You're reading: Hip Hop Hooray! at Tchaikovsky

Finally there's a club in Kyiv that's actually playing music you can dance to

Not so long ago in Kyiv the choice of music for clubbing fans was limited  to techno house, disco house, or hard house, and it was all crap. Hearing the same lame music in any number of different clubs week in, week out, not only gave boring a new meaning in this city, it also made new club openings a virtual non-event: As the saying goes, you can dress up a pig and take it out, but it’s still a pig.

Lately, however, a new trend has come into being, thanks to one of Kyiv’s most central and accessible clubs, Tchaikovsky, and that new trend – to be welcomed by one and all – is hip hop.

Every Thursday night for the last five weeks Tchaikovsky has been serving up sexy, rump-shaking music till the wee hours. It’s music that doesn’t let Ukrainian men and women get away with the pathetic white-person dances they usually perform to those awful 4/4 house beats. Hip hop/R’n’B music does away with the fist-pumping, the hand-flailing, and all the other ridiculous motions that prevail at every other city club, and instead welcomes in all that nasty, sweaty, bump-and-grind, hip-and-ass grooving soul that can make American dance floors truly sexy.

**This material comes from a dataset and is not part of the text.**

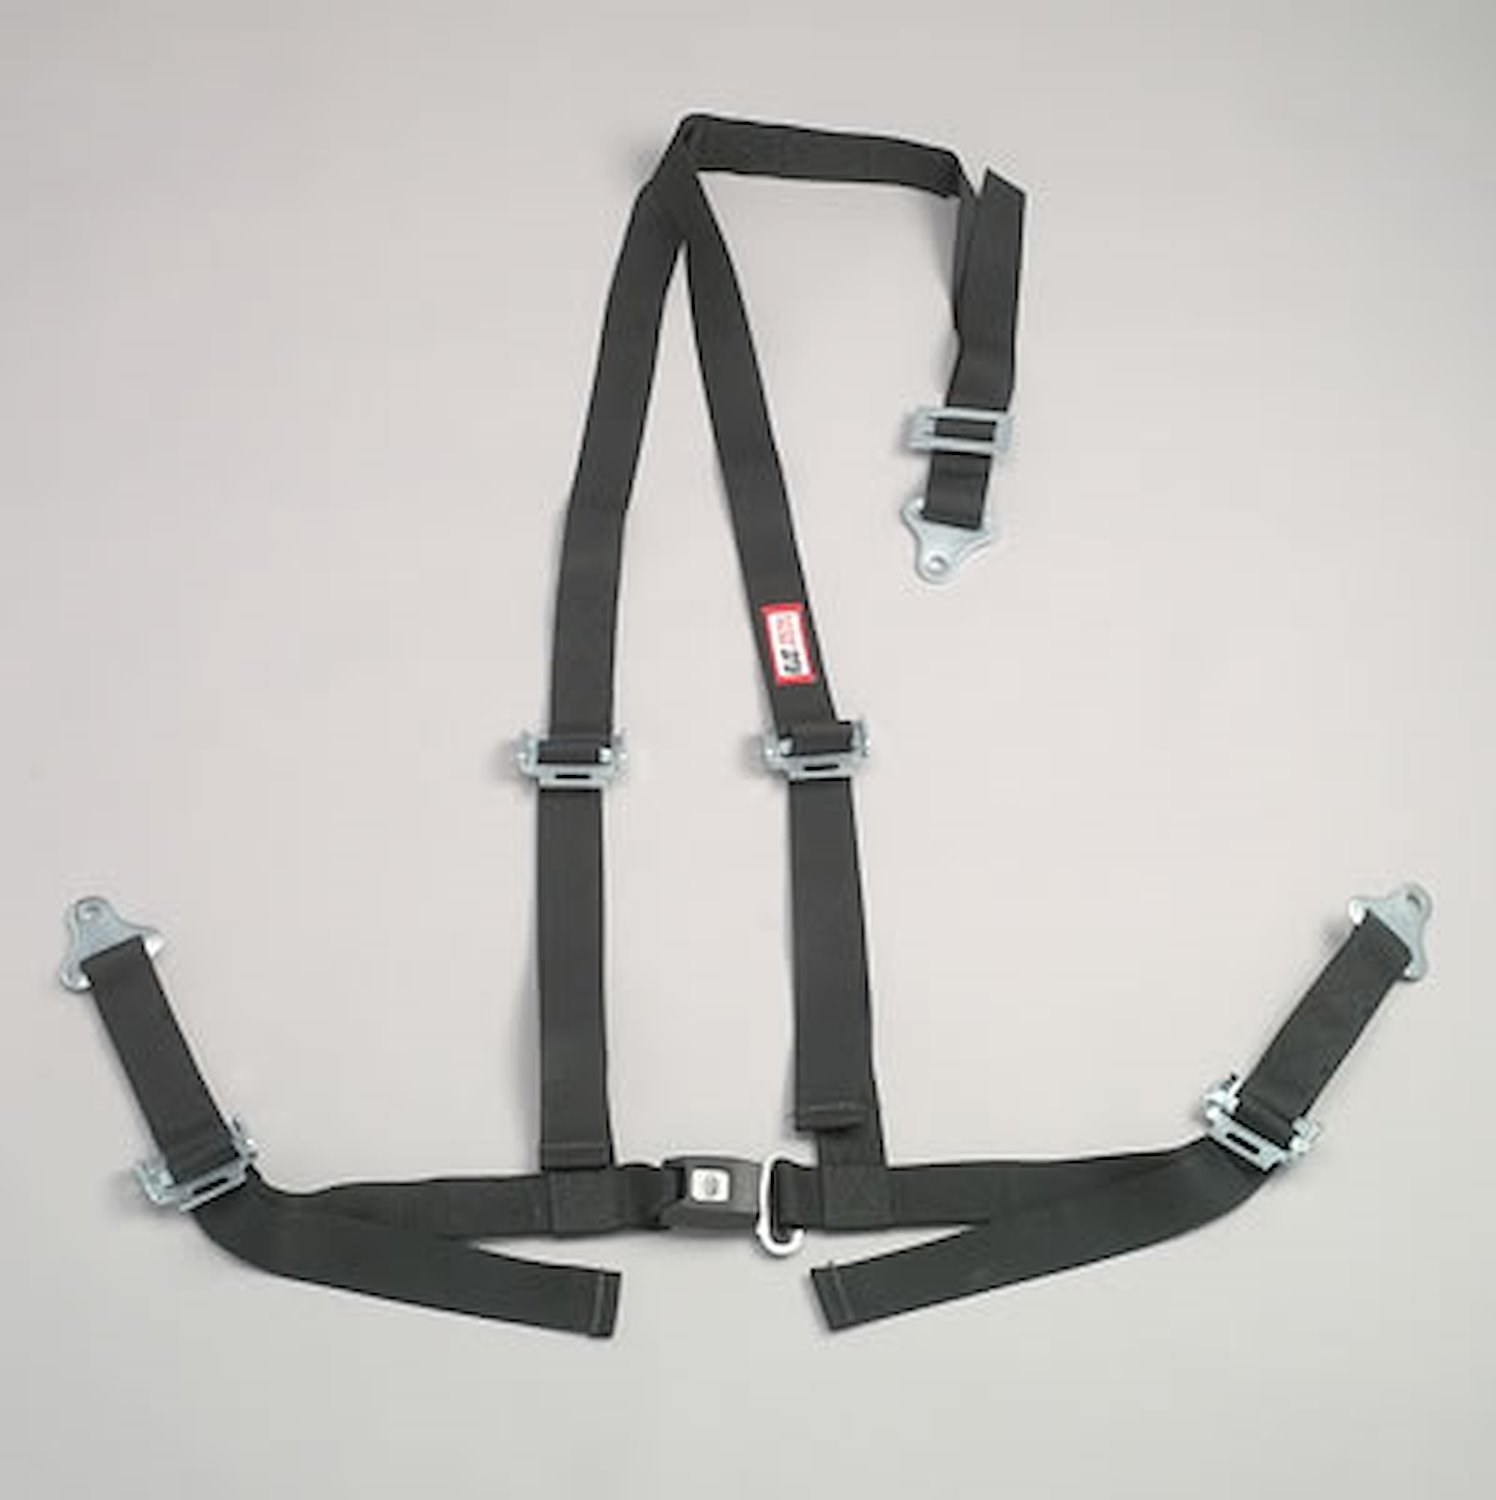 NON-SFI B&T HARNESS 2 PULL UP Lap Belt SNAP 2 S.H. INDIVIDUAL FLOOR Mount WRAP/BOLT YELLOW

Hip hop has become America’s signature black music in the way jazz was back in the first half of the 20th century. And like that genre, it has spread all over the world. Now, in Ukraine, it’s being put to a good use.

But all the popularity says nothing of the laid-back style and sexual culture that hip hop represents. Its appearance in Kyiv says a lot about how chill some city clubs and clubbers are finally starting to be.

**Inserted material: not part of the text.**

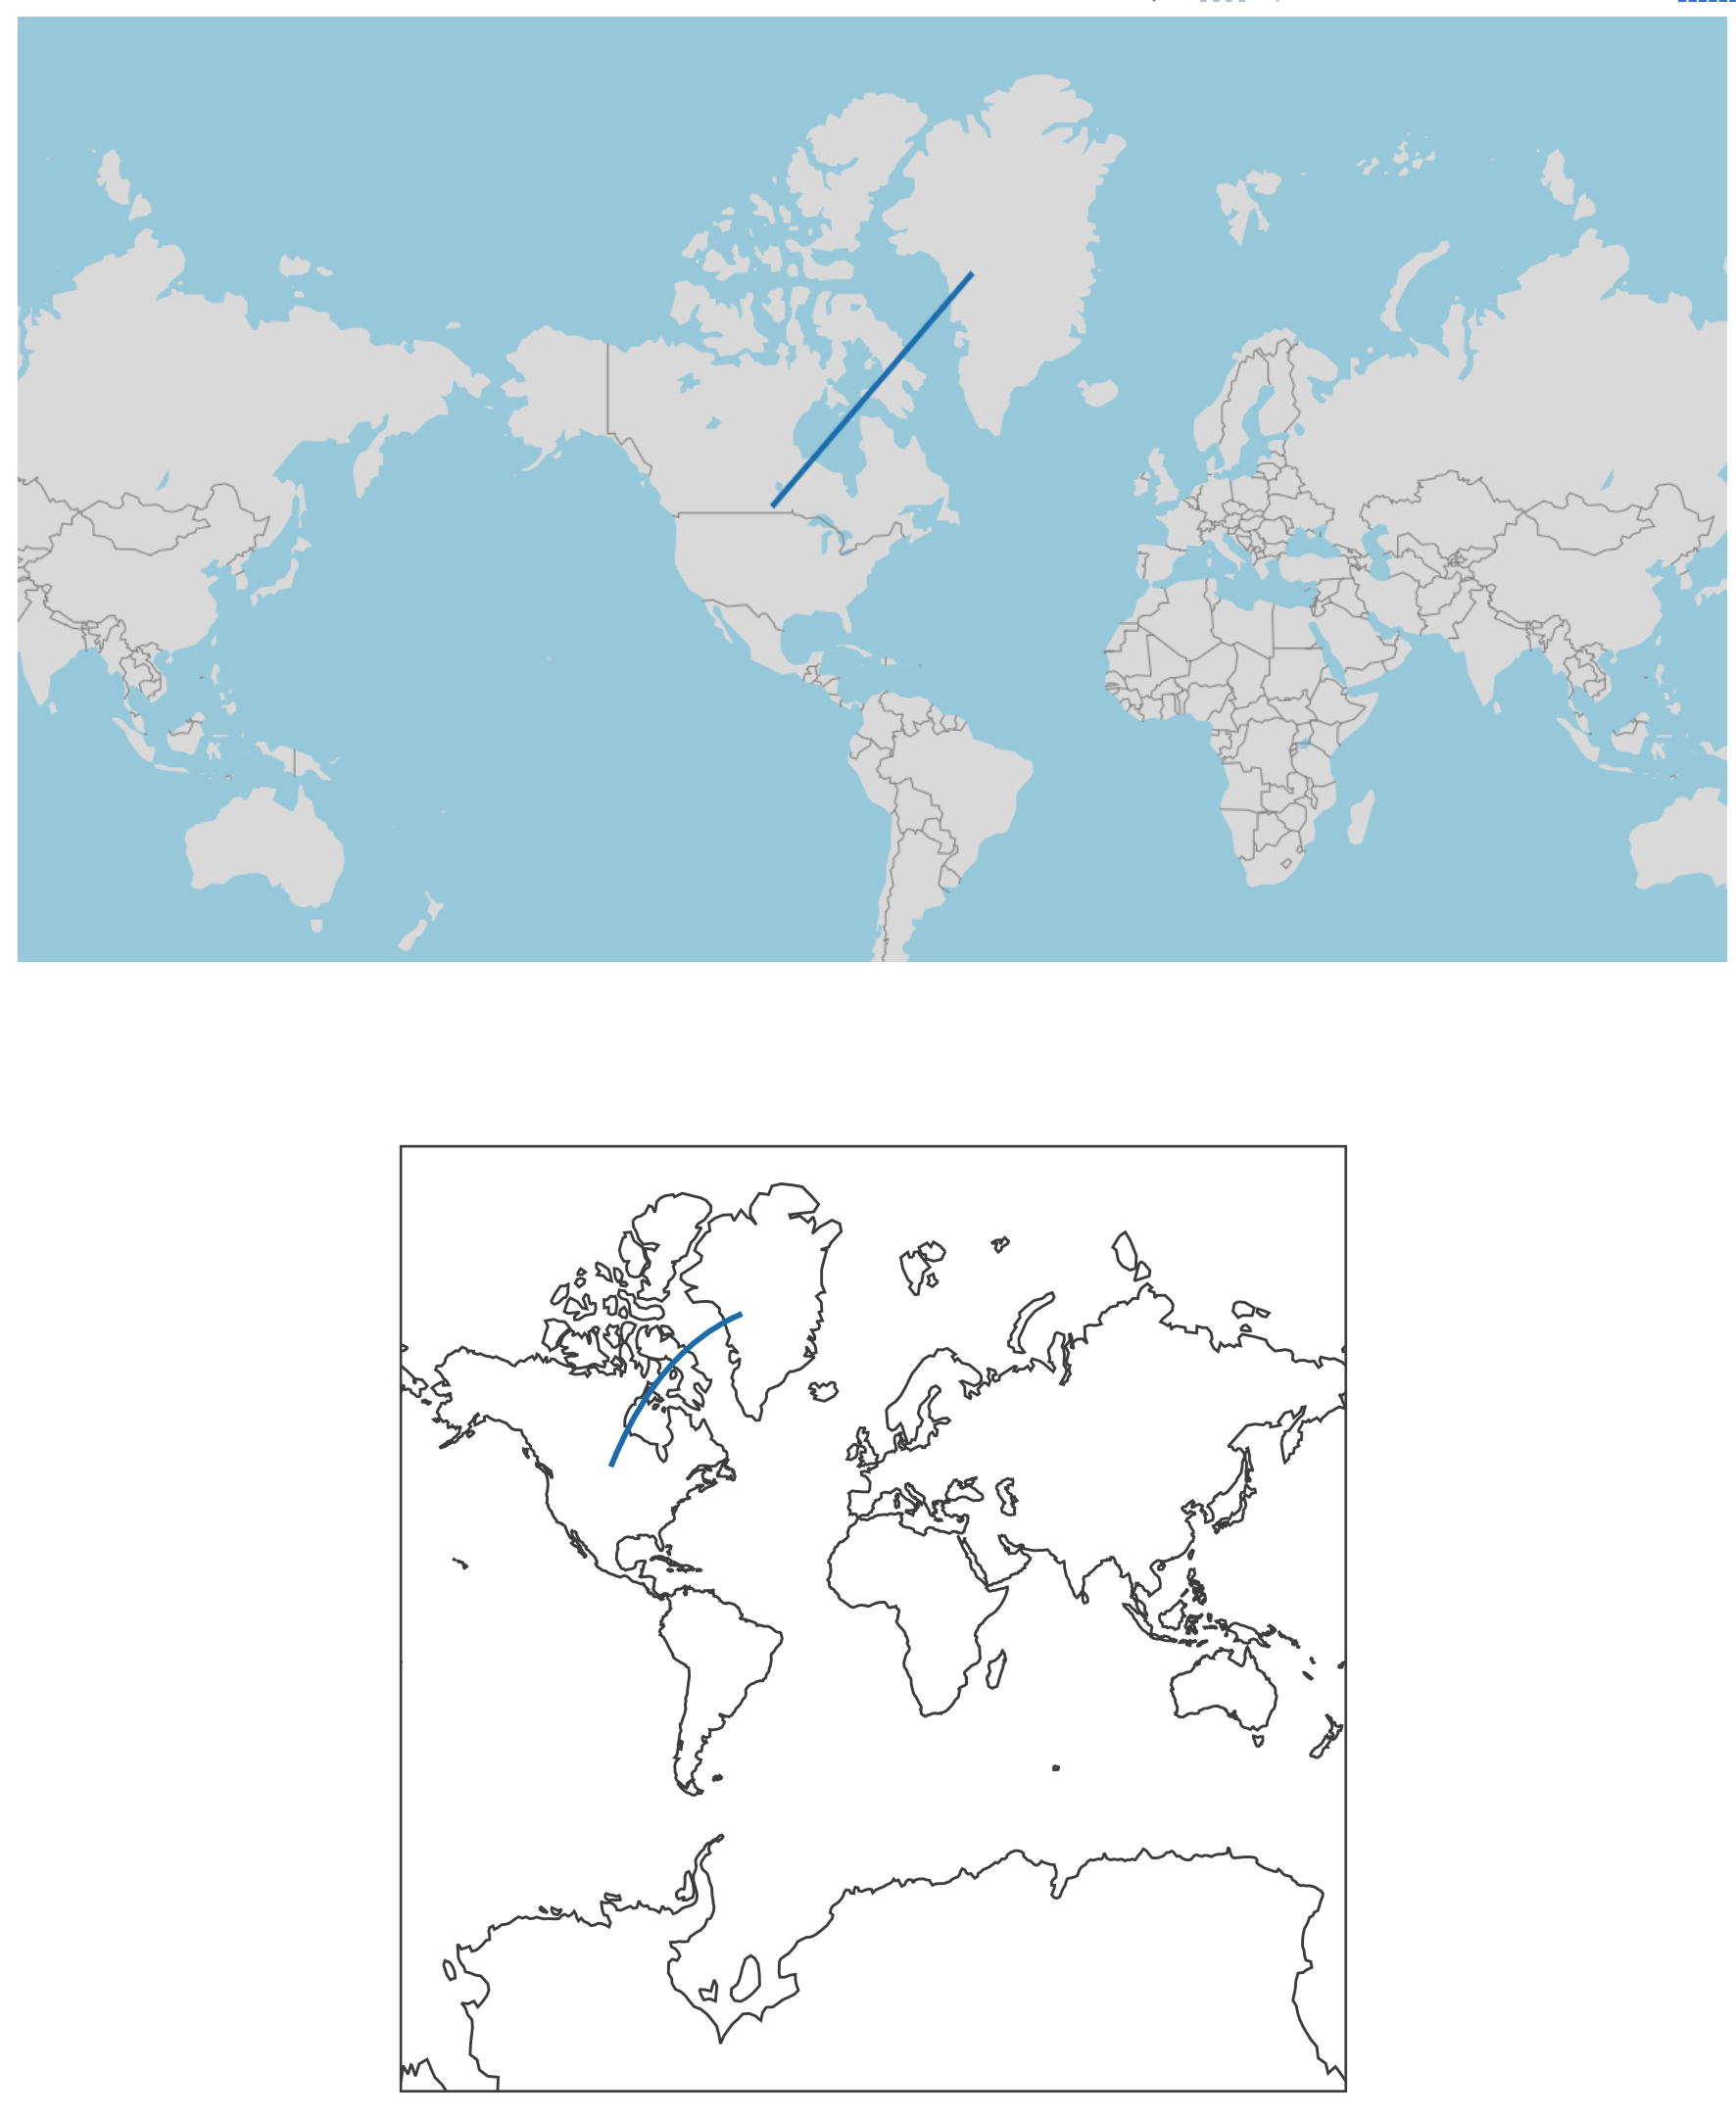 Three different ways to render a map. On the top left is plotly’s default cartesian coordinate system, on the top right is plotly’s custom geographic layout, and on the bottom is mapbox.

The Thursday night R’n’B/hip hop parties at Tchaikovsky started out simply enough. Small black and red flyers that read “R’n’B party” were being handed out to weekend clubbers, and originally few people took notice. That first Thursday, Tchaikovsky was only about half full, but of those who were there, few were part of the reigning “I wear my sunglasses at night” club culture that so often manifests itself in this town. There were more people wearing FUBU shirts, American football jerseys, baggy blue jeans and sneakers. That’s more my kind of scene.

By the second night the crowd had thickened out a bit. The flyers were larger and more explicit in getting across the message that, yes, there is hip hop music in Kyiv. And the music was as good as the first night, too, with no delving into the typical Kyiv house tracks that are often played to appease those without the rhythm to groove to anything else. And best of all, to Kyiv’s “cool” crowd, these hip hop/R’n’B nights were still off the radar.

Naturally, despite Friday’s being a working day, I made sure to attend the third Thursday in the series, happy to simply be a part of a proper music scene, such as I had longed for when I settled down here nearly three years ago. These nights have quickly taken hold of me; I caught myself at one point that third night facing the bar, looking to order a drink, when a track by Ja Rule started playing loud and proud, and I thought for a moment I was actually back in Toronto at the popular Fluid Lounge. I expected to turn around and a see a mixed crowd of Latinos, African-Canadians and others bumping and grinding to the music. But I was in Kyiv, and I’ve never felt so at home.

The fourth Thursday finally produced the local “in” crowd of sunglass- and high-heel clad dorks, who were as obvious in their wealth as in their inability to dance, but that didn’t matter much anyway. I had come with a group of Dutch and Ukrainian friends who appreciate good music – and who know how to make promoters smile. My friend Joop handed one such promoter, who had been sitting outside in a styled-out 60s Chevrolet convertible, a two-foot-long cigar even as a camera crew were trying to conduct an interview with him and his cohorts. Inside we lit up similar stogies and proceeded to make ourselves right at home. The promoters caught up with us and invited us back the following week.

We gave away free passes to that night, and went back ourselves, too. The Thursday night hip hop/R’n’B series at Tchaikovsky continues. Let the true urban culture reign.

Tchaikovsky

1 Bessarabska Square, entrance near Metrograd, 234-7406.

Hip hop/R‘n’B nights every Thursday.

Hr 50 for men, free for women.

Free admission with guest pass or club card.